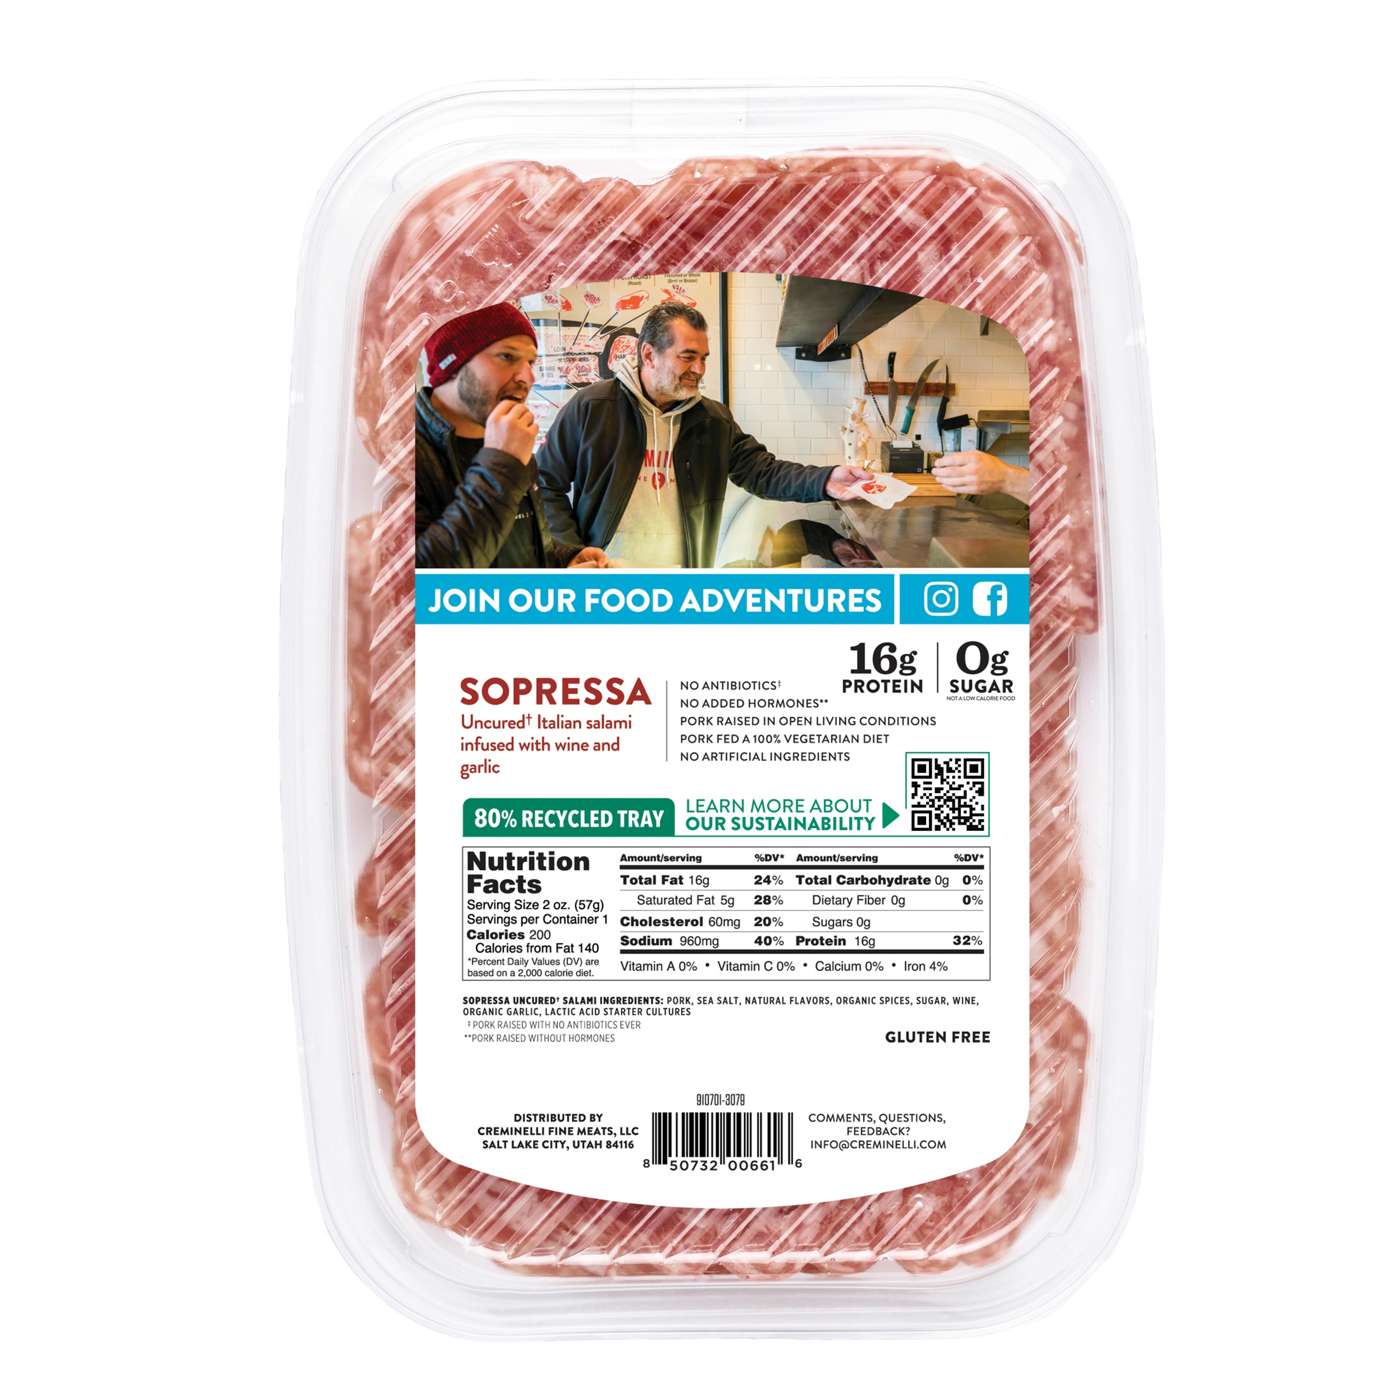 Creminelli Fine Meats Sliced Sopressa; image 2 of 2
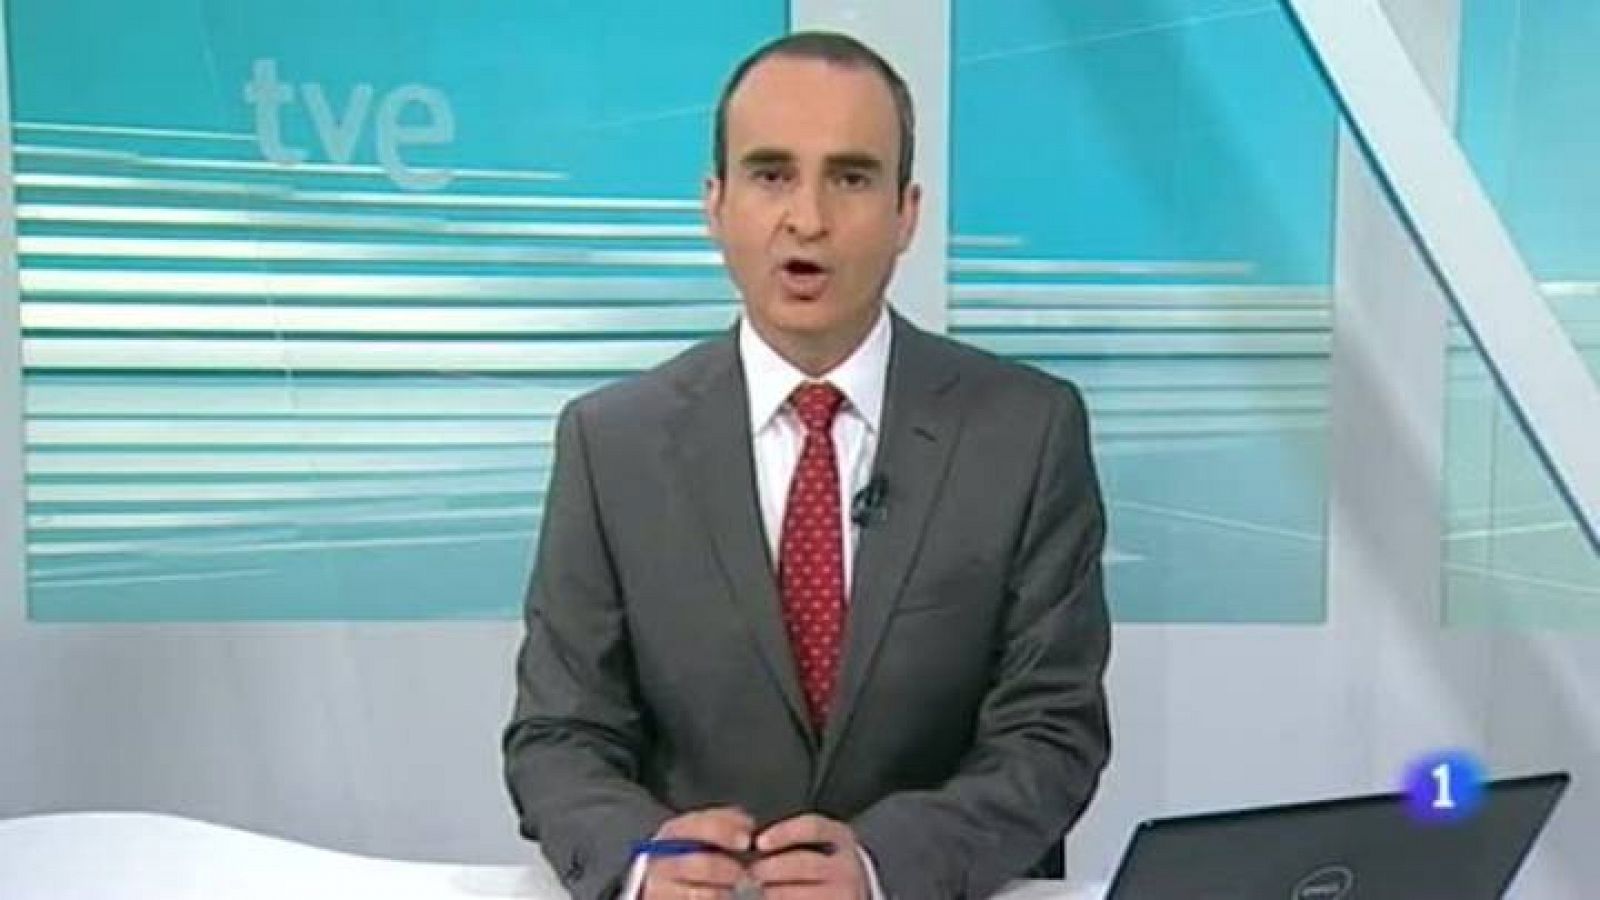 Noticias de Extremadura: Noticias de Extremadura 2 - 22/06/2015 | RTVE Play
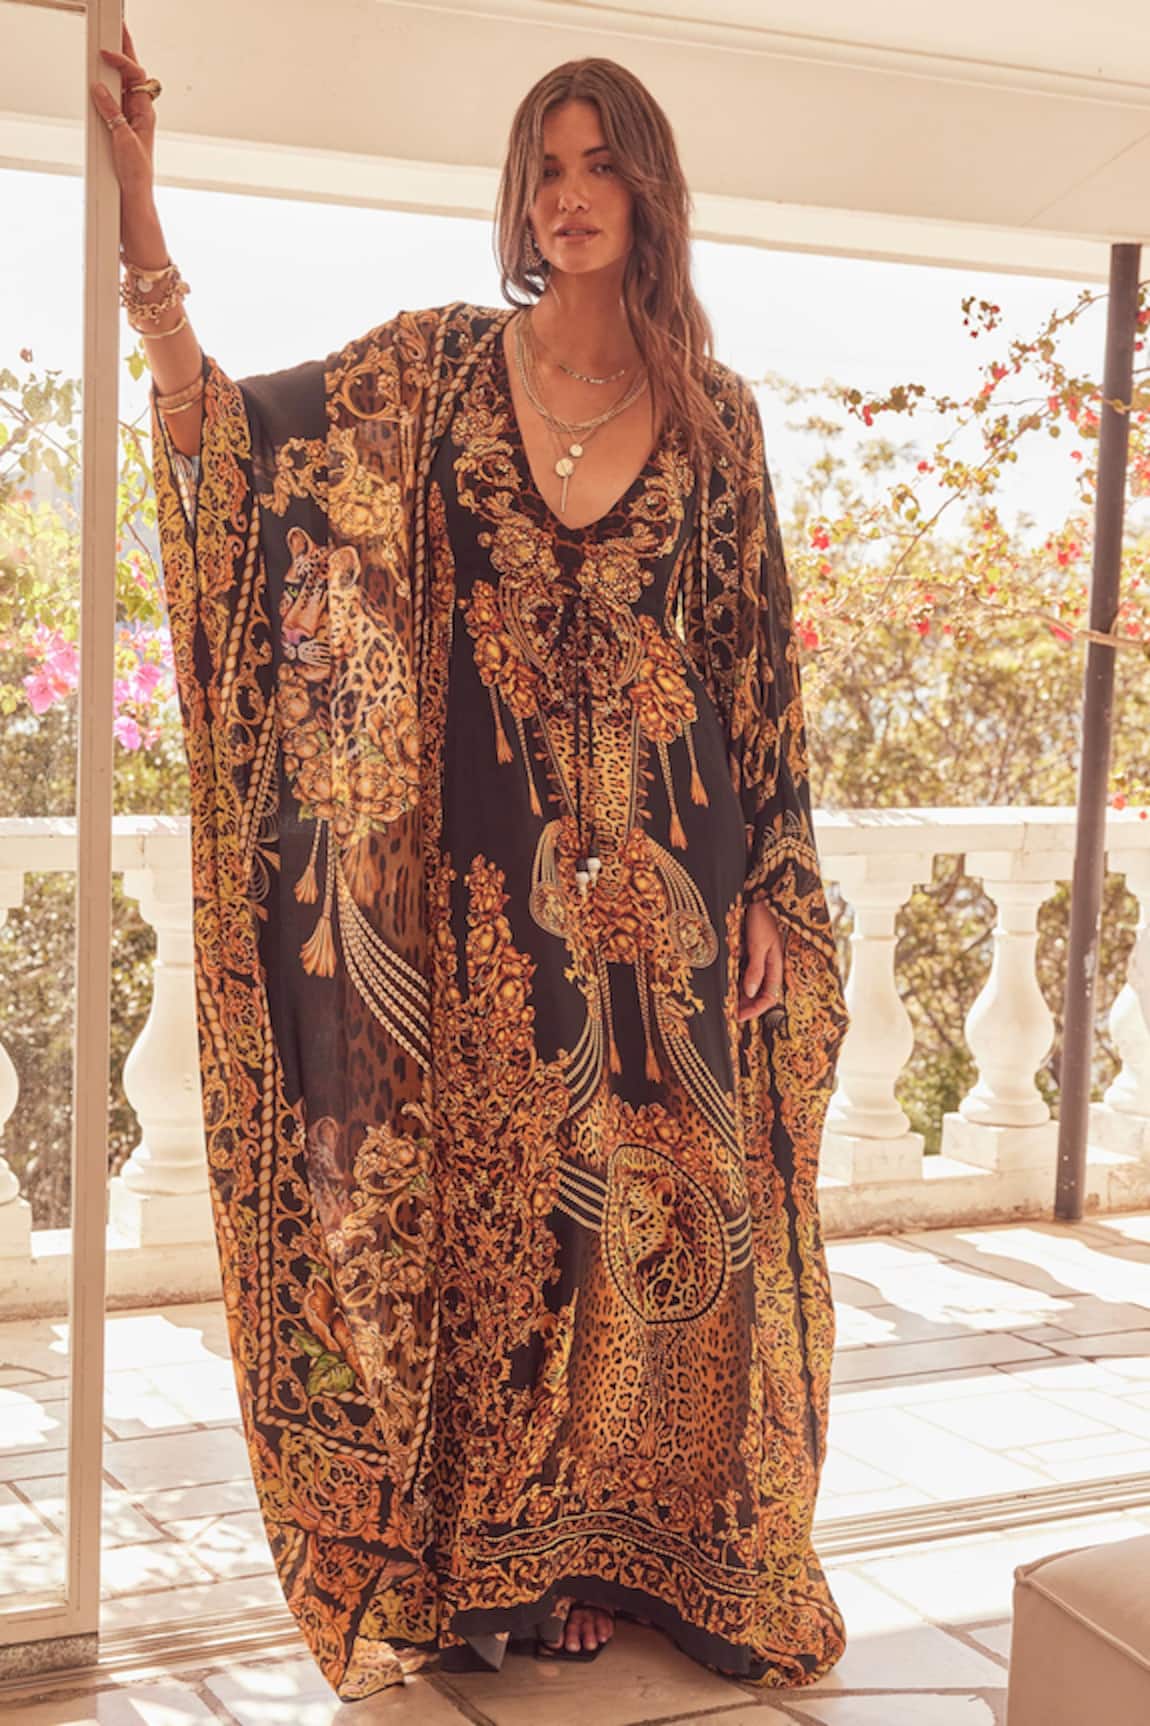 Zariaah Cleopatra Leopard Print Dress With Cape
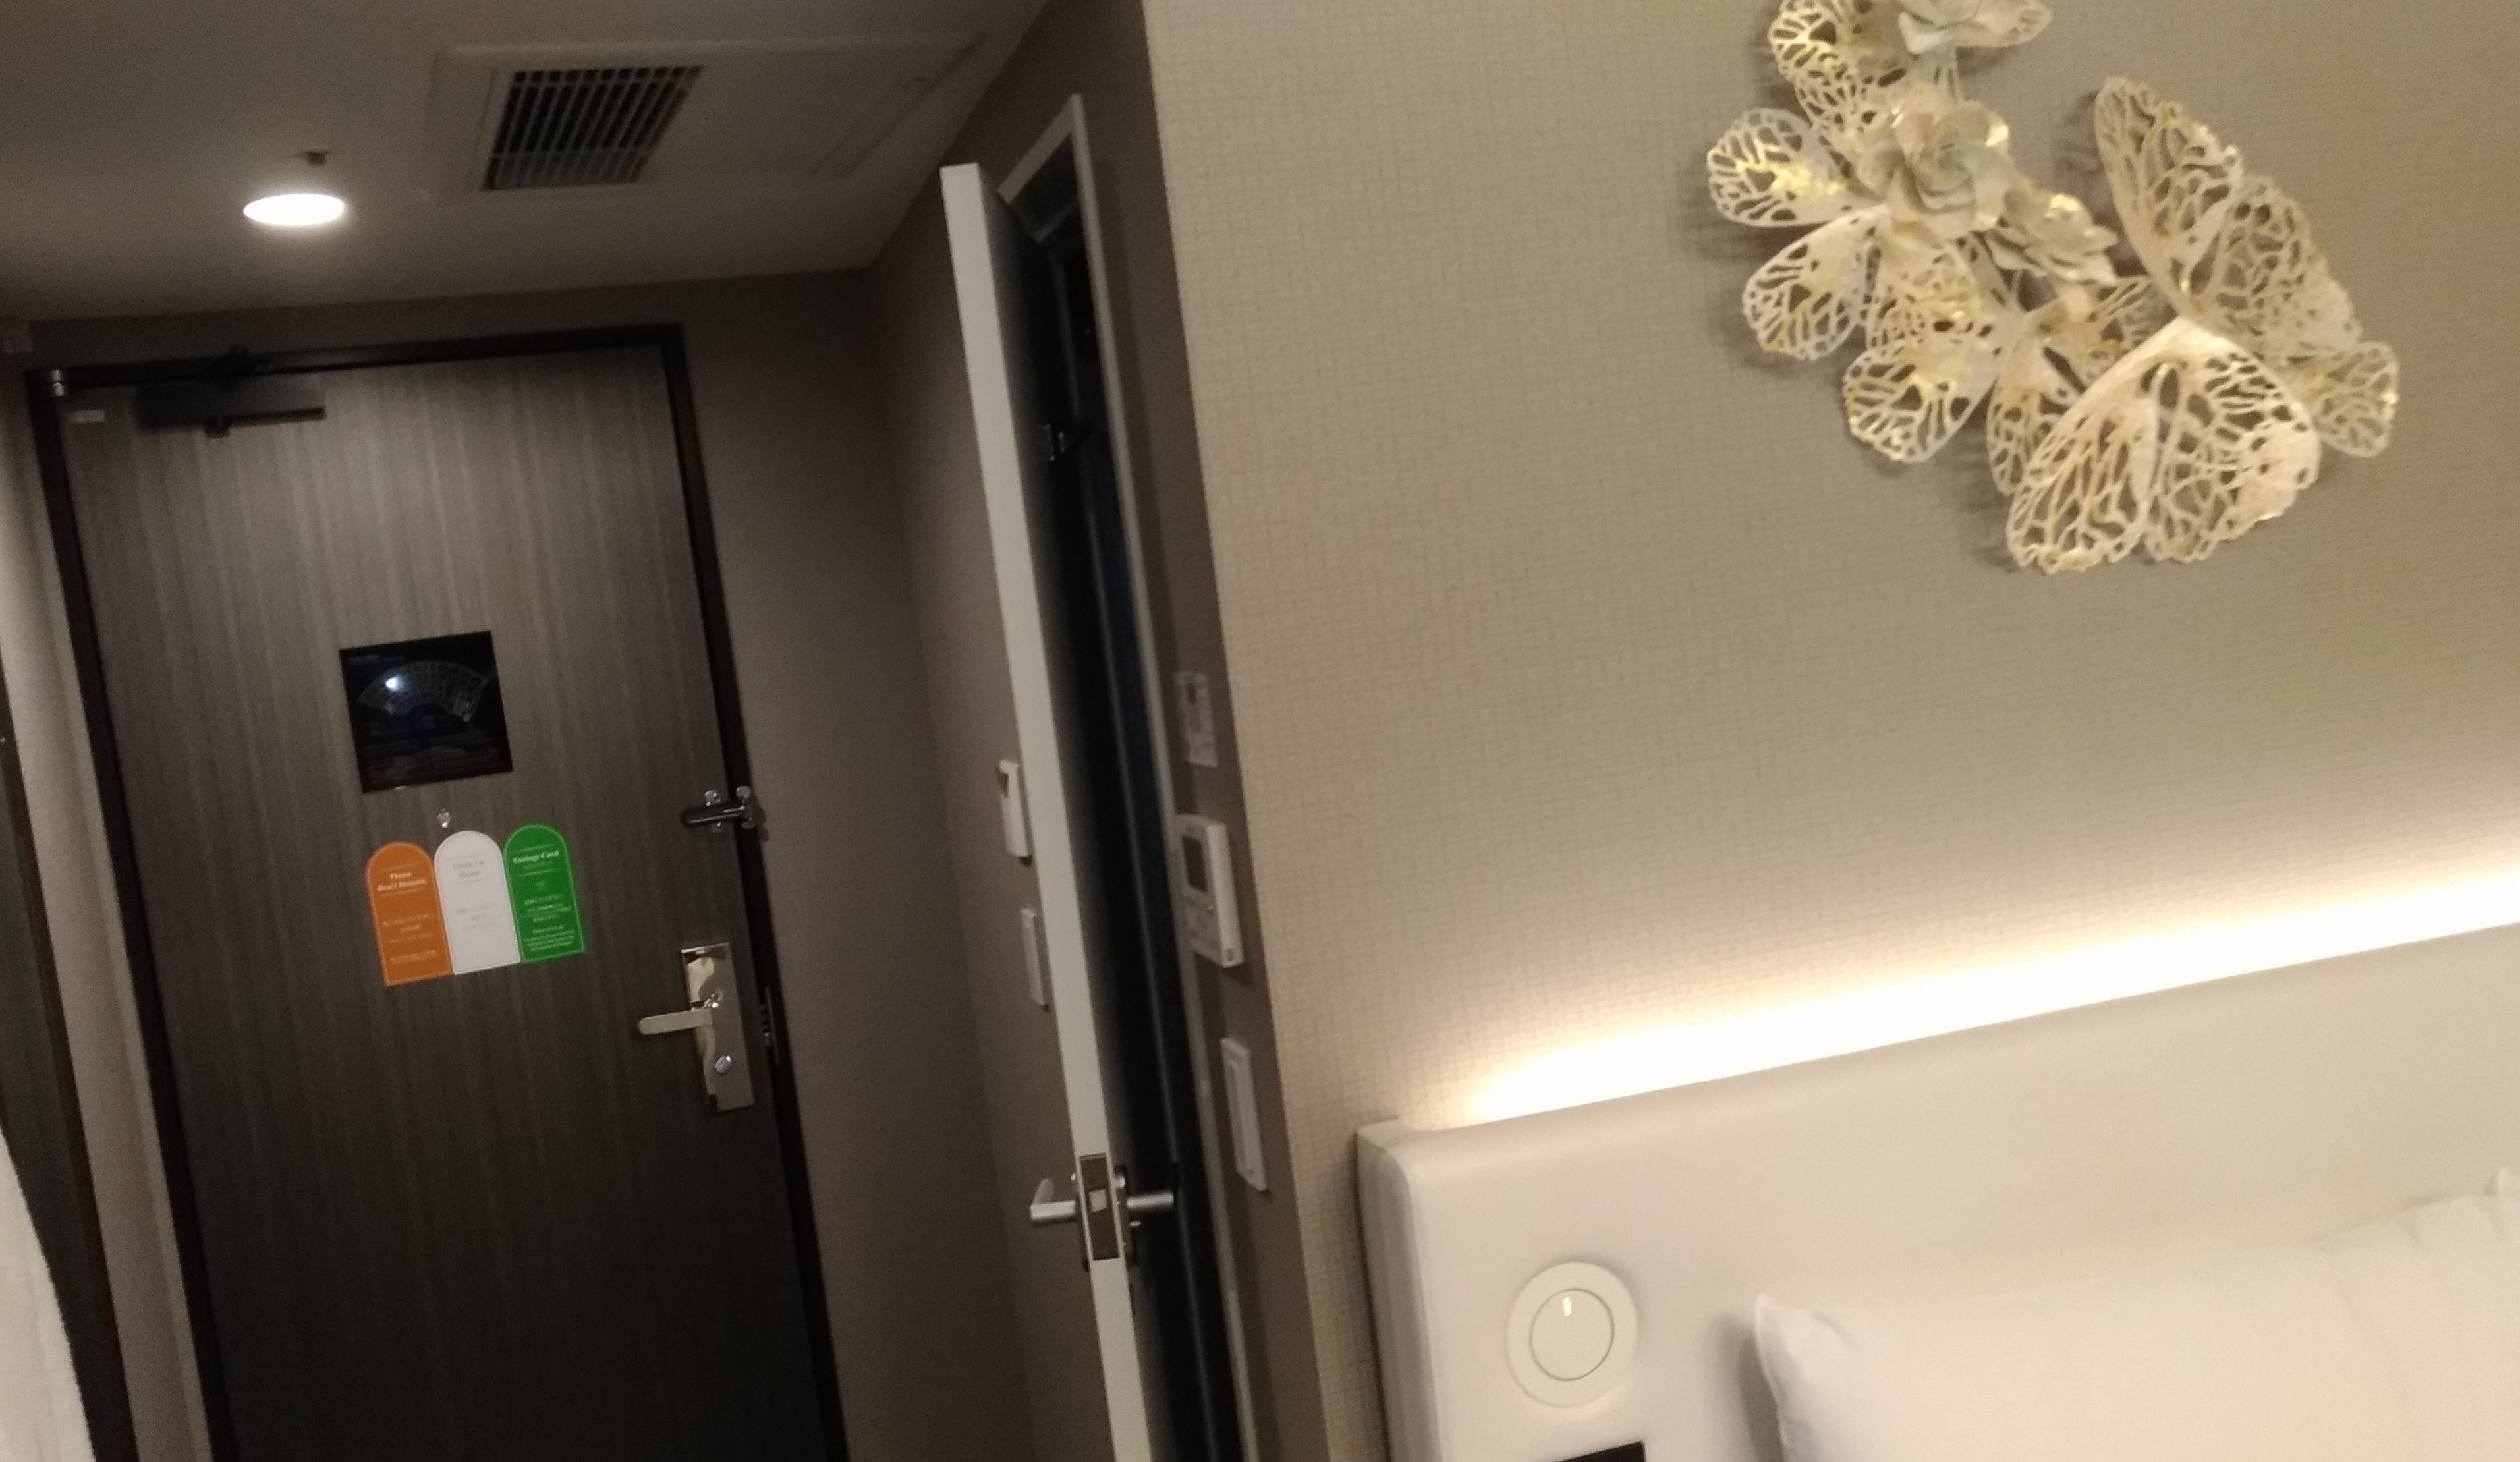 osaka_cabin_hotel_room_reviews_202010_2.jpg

##########

PROBLEM REQUIREMENTS: Apart from the pictures, every line above must be printed exactly.

ANSWER TO THE EXERCISE:
 Creminelli Fine Meats Sliced Sopressa; image 2 of 2
 Noticias de Extremadura: Noticias de Extremadura 2 - 22/06/2015 | RTVE Play
 Zariaah Cleopatra Leopard Print Dress With Cape
 osaka_cabin_hotel_room_reviews_202010_2.jpg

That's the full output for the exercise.